---- STORED DATA
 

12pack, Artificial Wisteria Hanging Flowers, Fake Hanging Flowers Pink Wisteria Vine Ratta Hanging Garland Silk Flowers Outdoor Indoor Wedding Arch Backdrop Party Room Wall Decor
--------
---- STORED DATA
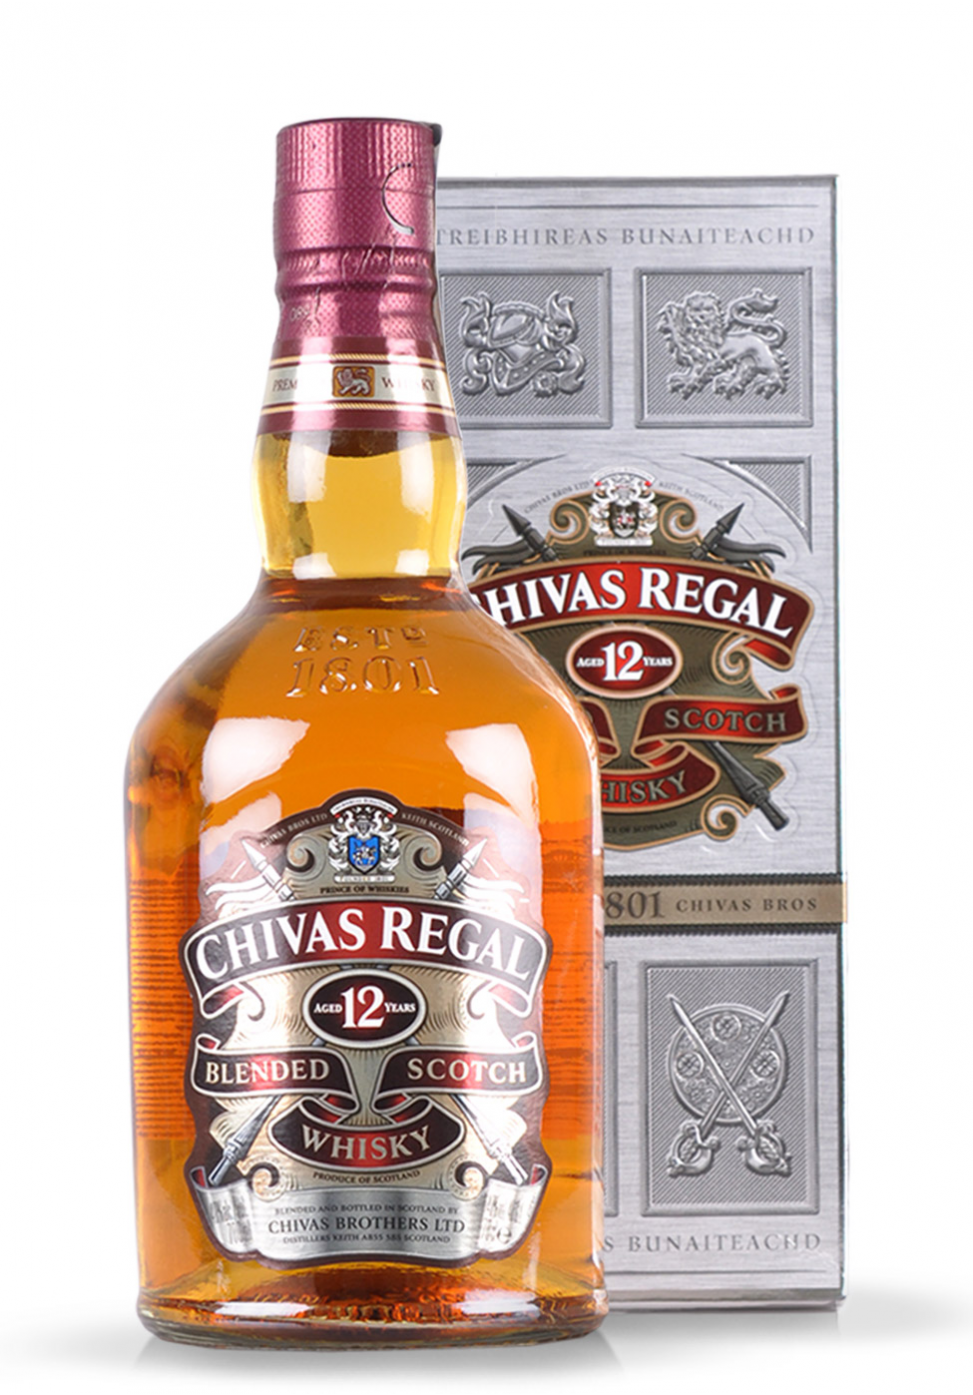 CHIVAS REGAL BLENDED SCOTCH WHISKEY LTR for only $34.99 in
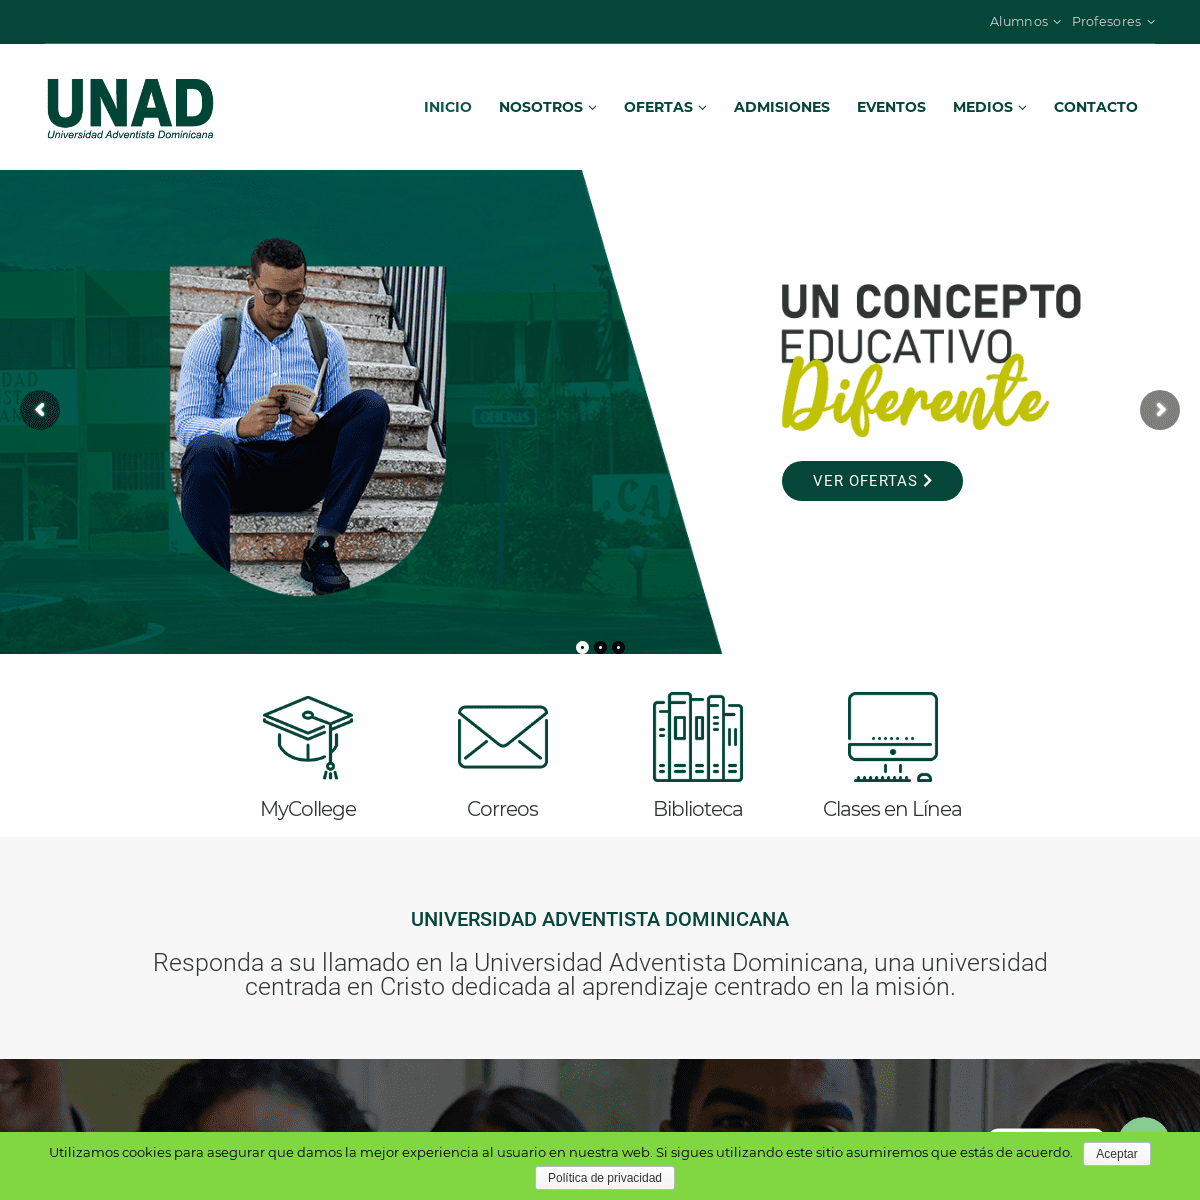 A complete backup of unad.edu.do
--------
In the listing above, find the line containing "CHIVAS REGAL BLENDED" and the line containing "A complete backup of unad.edu.do", then output those two lines and everything between them exactly as written, without the images.

 CHIVAS REGAL BLENDED SCOTCH WHISKEY LTR for only $34.99 in
 A complete backup of unad.edu.do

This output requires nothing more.